Thanks for the guide that you just deemed absolutely pointless.


----------



## DennisStrehlau (Sep 9, 2012)

Thanks for the answers. Well at least i want to try TuRBo, since i just learned the algorithms now. 
I would like to learn BH, but its just TOOO big i think..

@A Leman:
How fast are you with TuRBo? 

Greetings, Dennis


----------



## A Leman (Sep 10, 2012)

DennisStrehlau said:


> Thanks for the answers. Well at least i want to try TuRBo, since i just learned the algorithms now.
> I would like to learn BH, but its just TOOO big i think..
> 
> @A Leman:
> ...



I use BH and don't think it's TOOO big.
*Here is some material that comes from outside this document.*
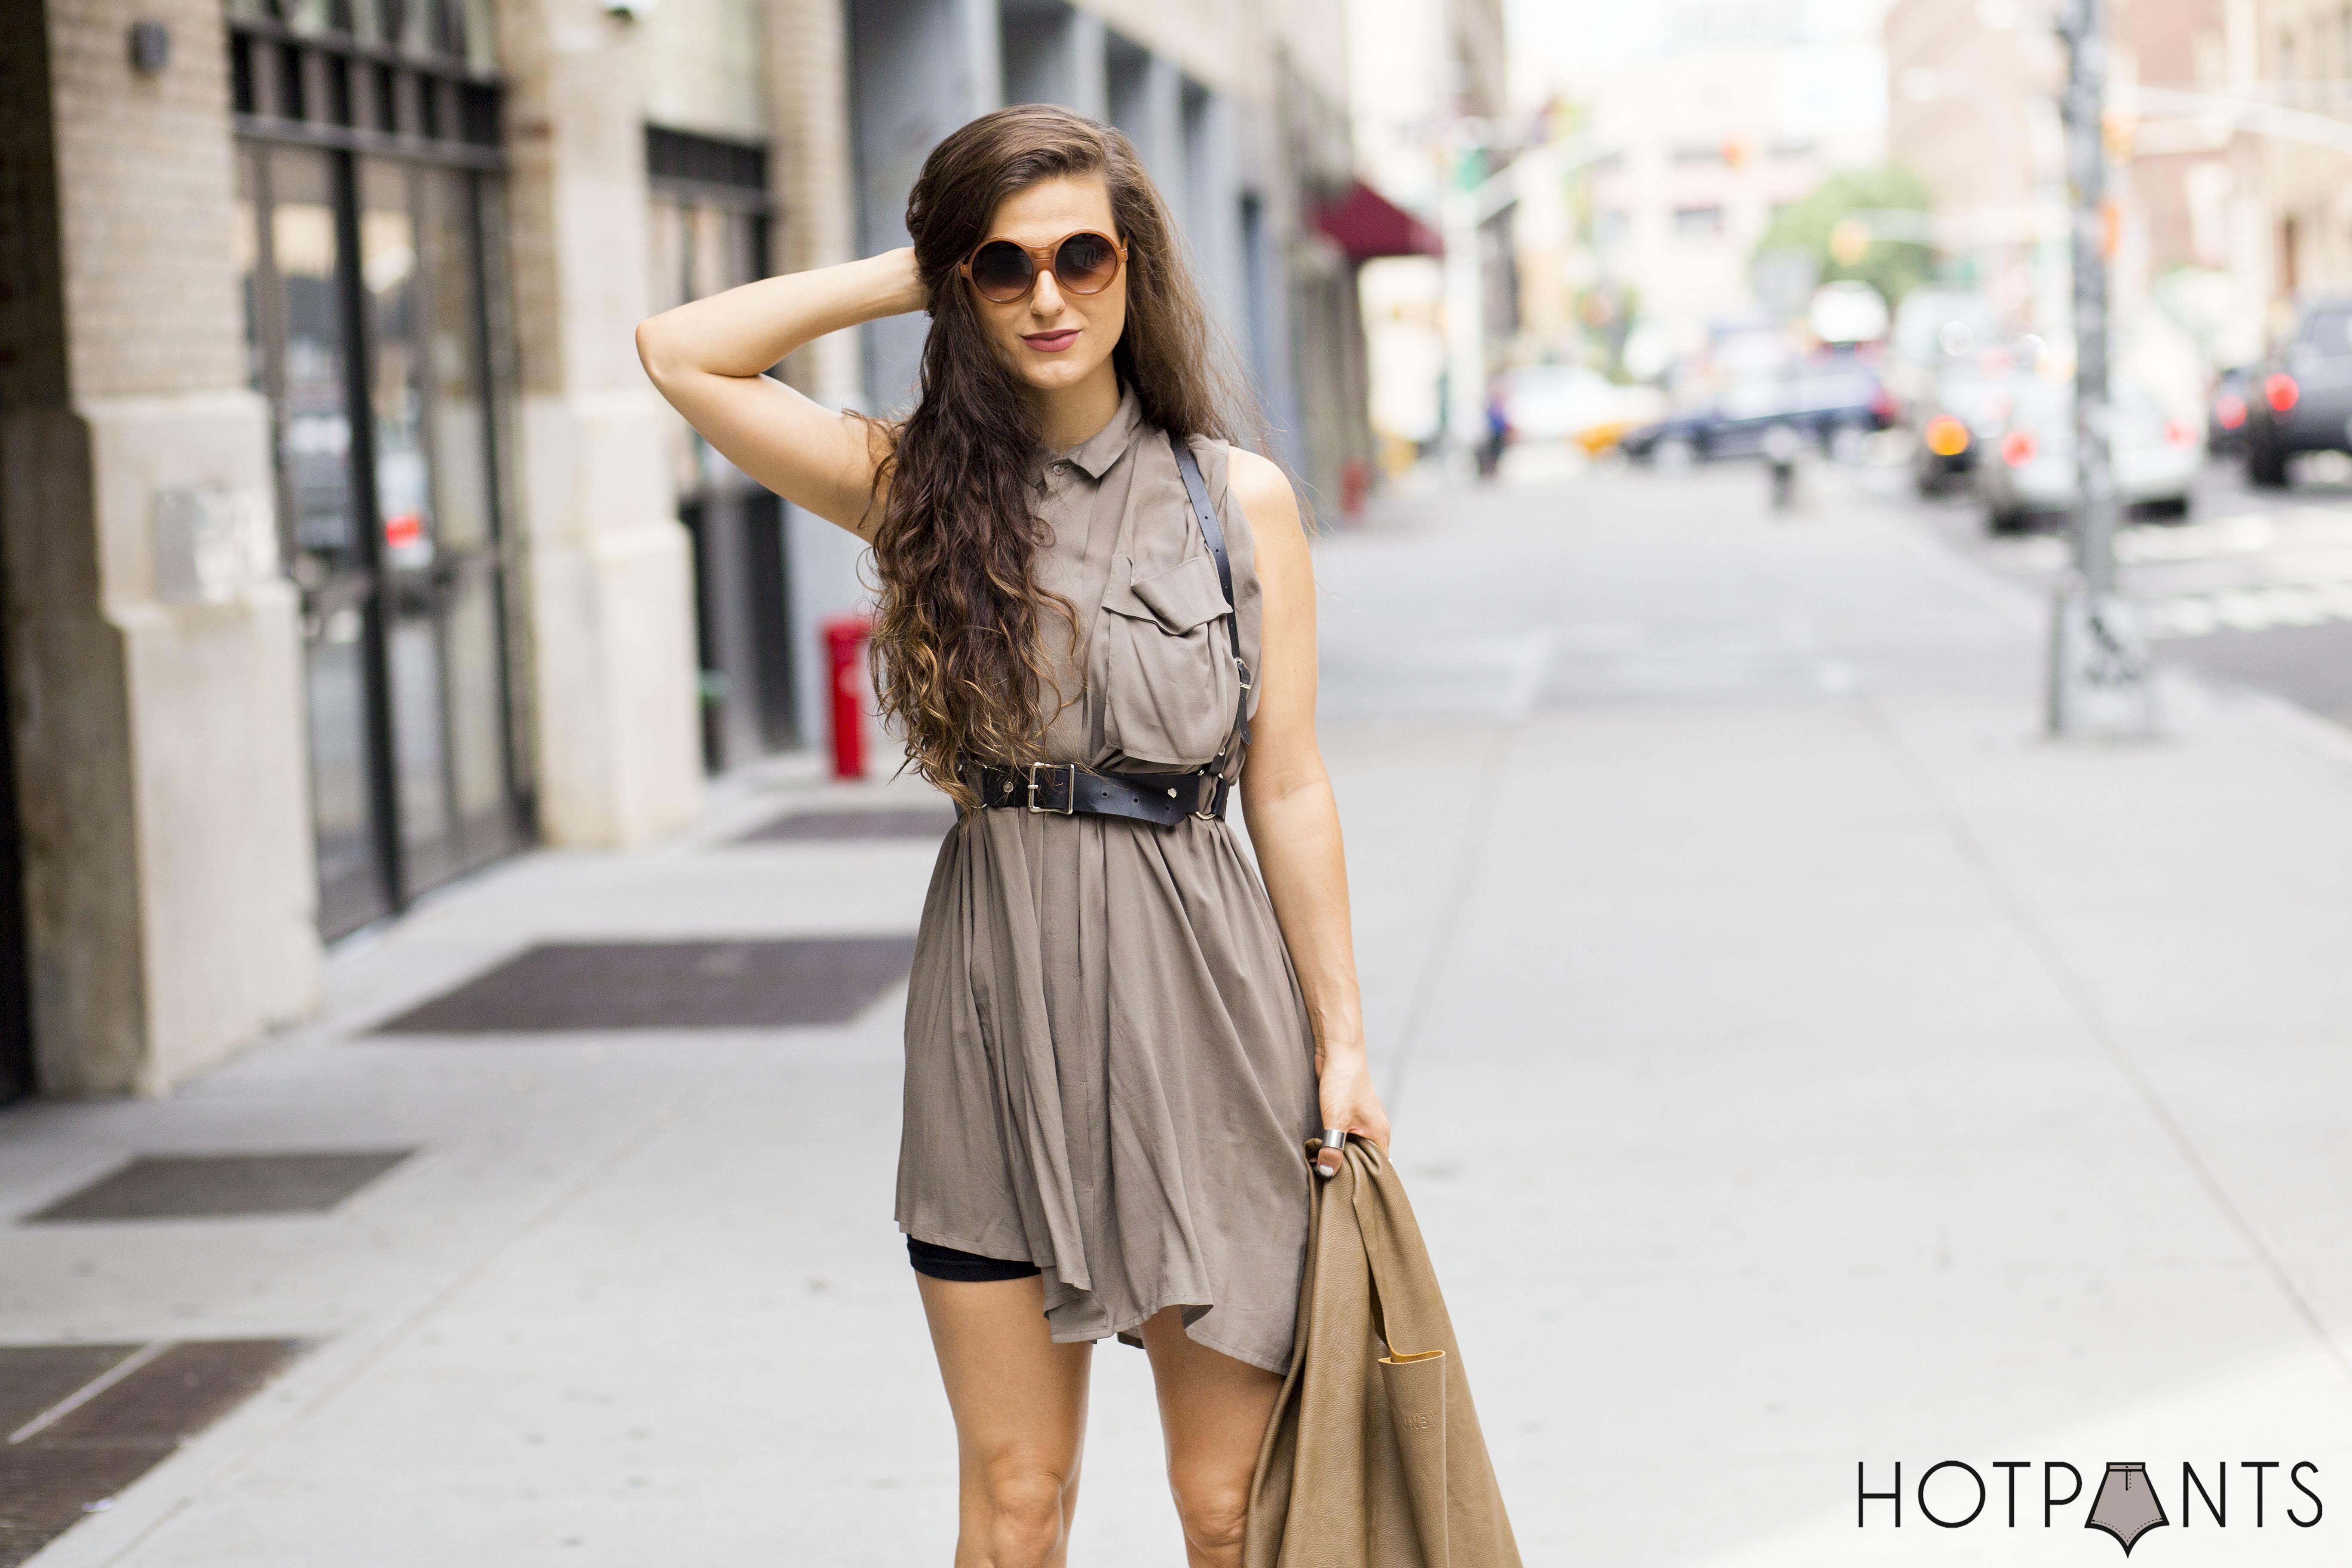 Zana Bayne Leather Harness Alexander Wang Gladiators NYC Summer Streetstyle

After you understand interchangability and constructing comms, they all seem like the same cases which is why people say to just do BH. Either way, Turbo helped my transition from 3OP to BH so it has been helpfull.

When I used almost pure turbo, I averaged around 16-17sec for corners, but this took alot of serious work to get comfortable with.


----------



## DennisStrehlau (Sep 10, 2012)

A Leman said:


> I use BH and don't think it's TOOO big. After you understand interchangability and constructing comms, they all seem like the same cases which is why people say to just do BH. Either way, Turbo helped my transition from 3OP to BH so it has been helpfull.
> 
> When I used almost pure turbo, I averaged around 16-17sec for corners, but this took alot of serious work to get comfortable with.



Ok, i avg about 15-20 seconds with Old Pochmann. 
Mmhh..Maybe its not worth it, to put "a lot of serious work" in it...
If i would start learning BH, i would know 18 cases already, so it wasnt for nothing anyway, right?

Dennis


----------



## Berkmann18 (Mar 6, 2015)

Sorry for the off-topic question, but I'm confused on the fact that BH is or not the same method as Comms.
And for TuRBo corners, it's pretty much easy to know the algs unless you're totally unfamiliar with COLL as some cases a pure 3-cycle corner comms.


----------



## Ollie (Mar 6, 2015)

BH = commutators. Some may not appear to be as they are often 2*3-cycles that cancel moves, but they are all based on commutators.


----------